La réforme de la formation professionnelle, portée par la loi « avenir professionnel » de 2018, se trouve actuellement remise en cause, progressivement, à l’occasion des mesures prises, ou à venir, pour tenter de répondre à la crise économique et sociale causée par la politique de prévention sanitaire de 2020.
La formation pro est mise en avant par le gouvernement, comme le second outil de lutte contre le chômage, à côté du dispositif exceptionnel de chômage partiel qui devrait prendre fin octobre sous sa forme actuelle (hors secteur du tourisme et activités annexes).
L’articulation entre chômage partiel et formation apparait défaillante :
« Le recours à la formation est assez faible pour les salariés en chômage partiel (13% en aout, après 16% en juillet), notamment dans les plus petites entreprises. Il est cependant assez important dans les secteurs de la fabrication de matériel de transport et dans l’hébergement restauration. » selon la Dares.
Les annonces du Plan de relance en termes d’actions de formation professionnelle et d’alternance restent à détailler en termes d’objet, de montant et de calendrier, par rapport aux dispositifs déjà programmés, dont on ne connait pas précisément l’avancement.
LE MEDEF PLAIDE POUR FACILITER LES « TRANSITIONS-RECONVERSIONS PROFESSIONNELLES ».
Le Medef a publié un projet de « Plan de soutien aux compétences, aux transitions-reconversions professionnelles[1] » qui comprend 20 propositions[2] assez détaillées.
Le Medef déclare vouloir faciliter les transitions vers des métiers épargnés par la crise. Il a la volonté de revenir en partie sur la réforme de 2018.
L’organisation patronale part de l’idée que « la crise agit comme un accélérateur de transitions », une manière de positiver dans le cadre de la crise actuelle !
Le marché du travail serait bouleversé avec :
« 1 million d’emplois menacés et 200 000 non pourvus ». « Des territoires et des secteurs d’activité inégaux face aux mutations, quelle que soit leur nature. »
L’estimation du million d’emplois menacés et de 200 000 emplois à pourvoir apparait réaliste.
La conclusion porte donc sur la formation et la mobilité des salariés.
Le Medef juge les « transitions-reconversions professionnelles » comme un « angle mort de la loi de 2018 ». Car « Les dispositifs pour les faciliter sont sous-dimensionnés et trop complexes à mobiliser » et les financements insuffisants par rapport aux enjeux[3].
Le Medef demande en particulier :
« des moyens supplémentaires du Plan d’investissement dans les compétences (PIC) à affecter au budget de France compétences, a minima pour doubler ceux affectés aux Transitions Pro (soit une augmentation de 400 millions €) ».

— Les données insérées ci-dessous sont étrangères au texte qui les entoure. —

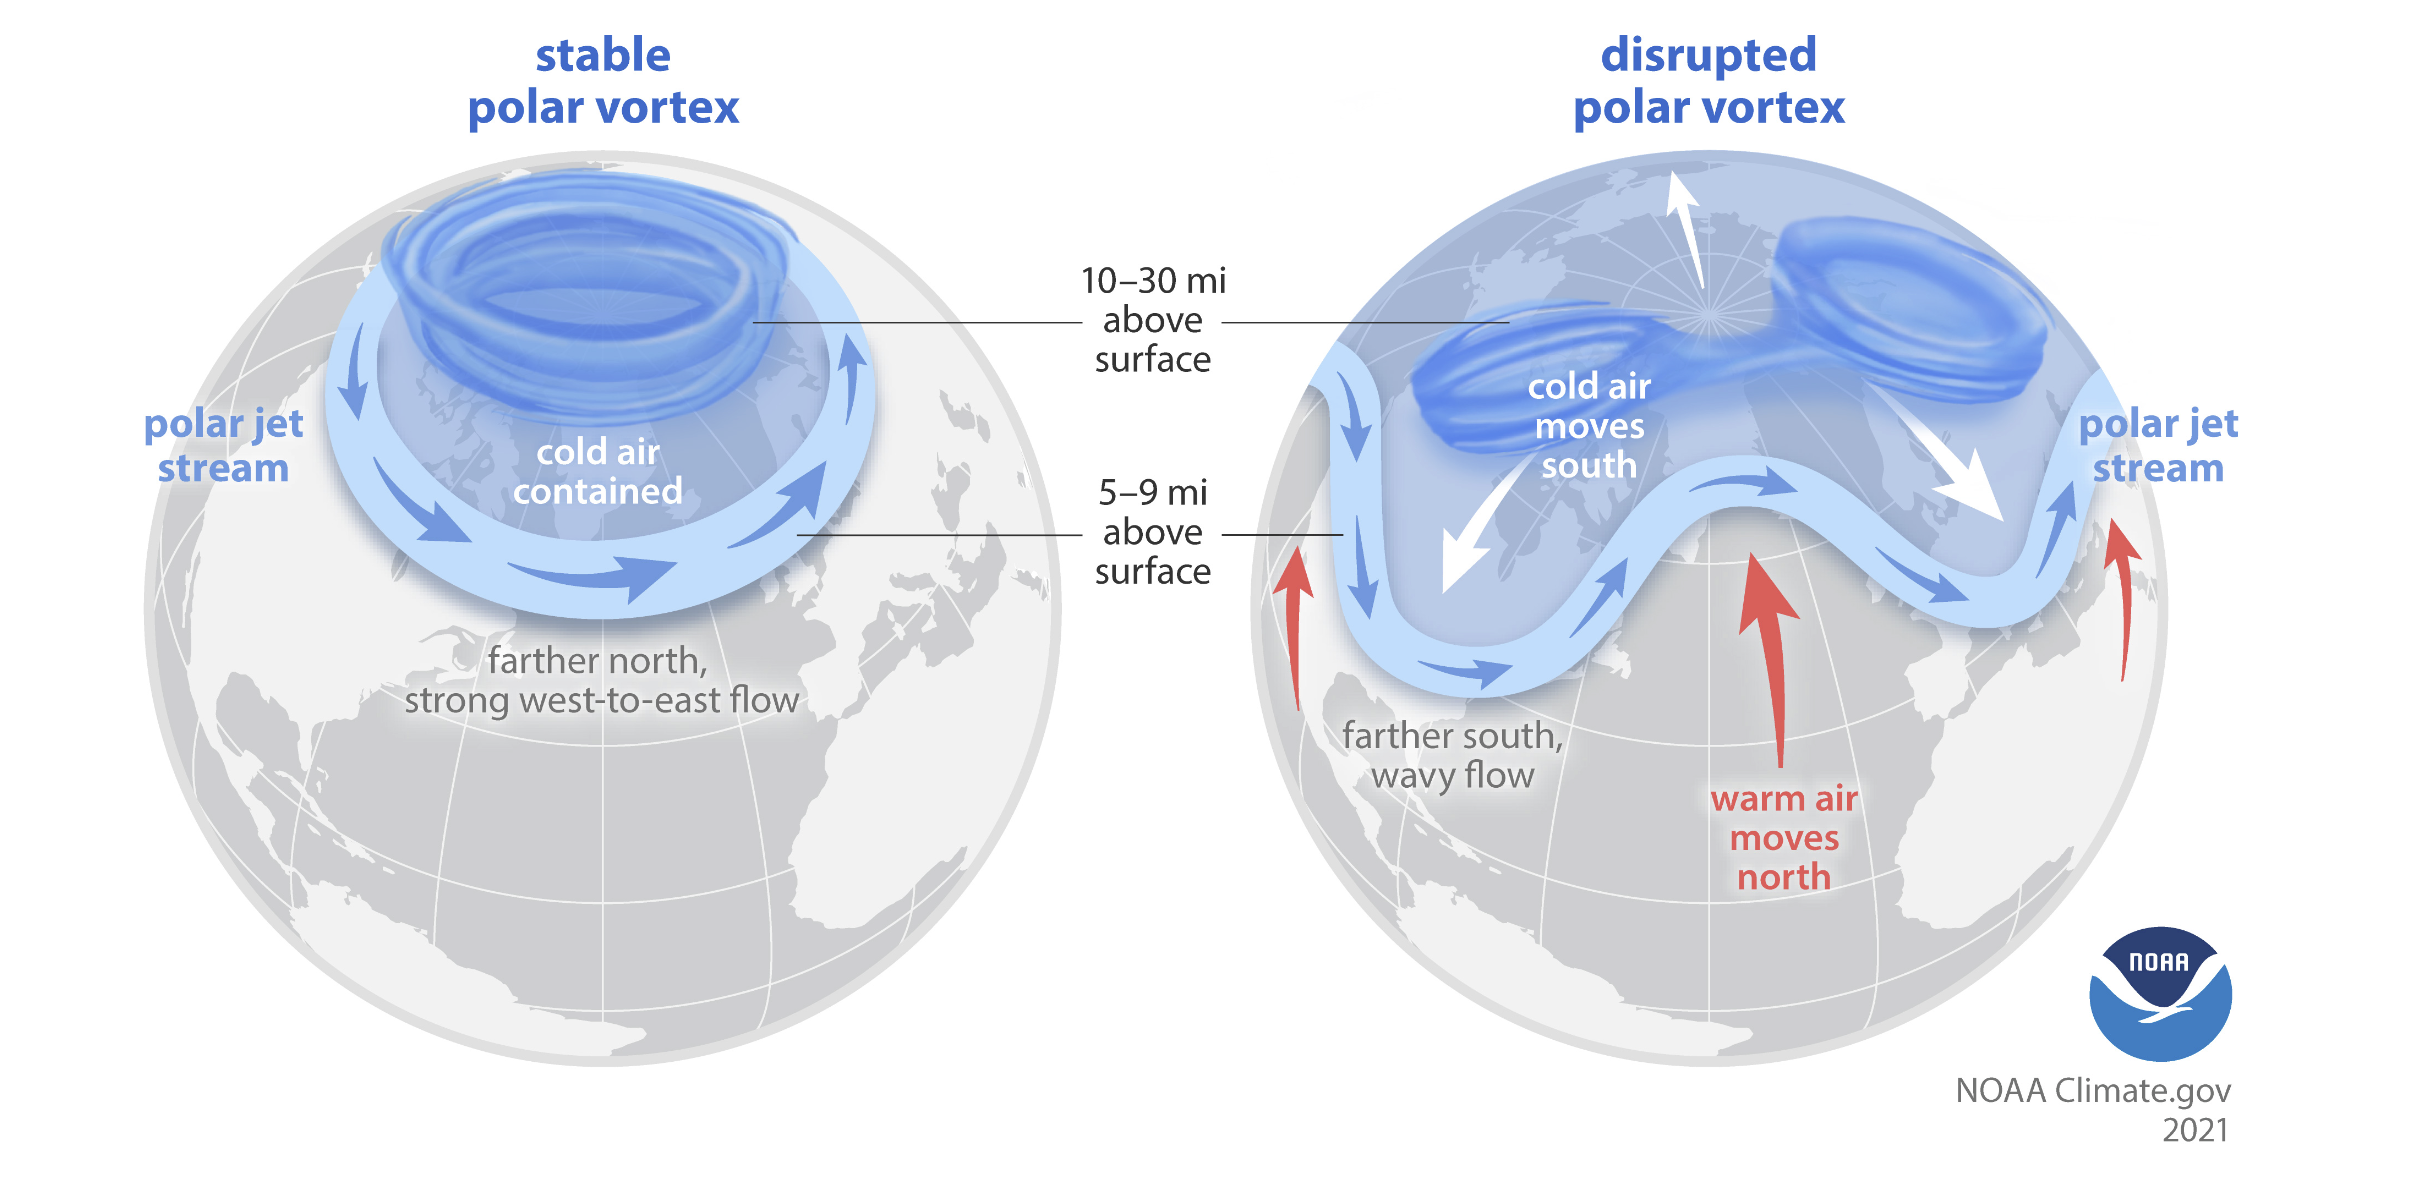 The Arctic polar vortex is a strong band of winds in the stratosphere, 10-30 miles above the surface. When this band of winds, normally ringing the North Pole, weakens, it can split. The polar jet stream can mirror this upheaval, becoming weaker or wavy. At the surface, cold air is pushed southward in some locations. Credit: NOAA

Pour résumer, le Medef veut reprendre la main[4] par rapport aux dispositions de 2018 en organisant « les passerelles entre secteurs d’activité » et en replaçant « les entreprises et leurs besoins au cœur de la politique de formation professionnelle. ».
LA REMISE EN CAUSE DE LA LOI de 2018 SEMBLE S’ENGAGER.

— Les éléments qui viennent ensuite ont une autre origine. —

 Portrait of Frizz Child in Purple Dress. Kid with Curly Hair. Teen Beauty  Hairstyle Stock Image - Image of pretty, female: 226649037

A son initiative, les partenaires sociaux se réunissent à propos de la formation[5] et la ministre du Travail organise une concertation avec des groupes de travail consacrée au « suivi des réformes » : fonctionnement de France Compétences, où les partenaires sociaux ont une place secondaire[6], Plan d’investissement dans les Compétences (PIC), CPF transition, CPF, ProA (dispositif de reconversion par alternance), etc.
Le résultat de ces échanges est encore incertain, mais tout pourrait être remis en cause en termes de priorités et de financements.
En arrière-plan, sera pris en compte les conclusions du récent audit de l’IGF (Inspection générale des finances) et de l’Igas (Inspection générale des affaires sociales) qui fait apparaitre le défaut de soutenabilité financière du dispositif issu de la loi de 2018…
[1] MEDEF – Plan de soutien aux compétences, aux transitions-reconversions professionnelles – 16 septembre 2020
[2] https://www.medef.com/uploads/media/default/0019/96/13229-20-propositions-du-medef-pour-soutenir-les-transtions-reconversions.pdf
[3] « Si 10% des salariés concernés par des emplois menacés par la crise décidaient de se former pour changer de métier, le système actuel ne permettrait pas de financer cet effort. »
[4] « L’ambition politique du MEDEF : Anticiper ce changement d’échelle et faire monter en gamme les acteurs pour répondre aux besoins en compétences des entreprises, accompagner et sécuriser les projets de transition et reconversion professionnelle. »
[5] Le Medef a invité les organisations patronales et syndicales à deux réunions du « groupe de suivi paritaire Formation », les 25 septembre et 2 octobre.
[6] « Il n’y a pas assez de poids accordé aux partenaires sociaux dans la gouvernance de France compétence et le fléchage des fonds est insuffisant » – le président délégué du Medef.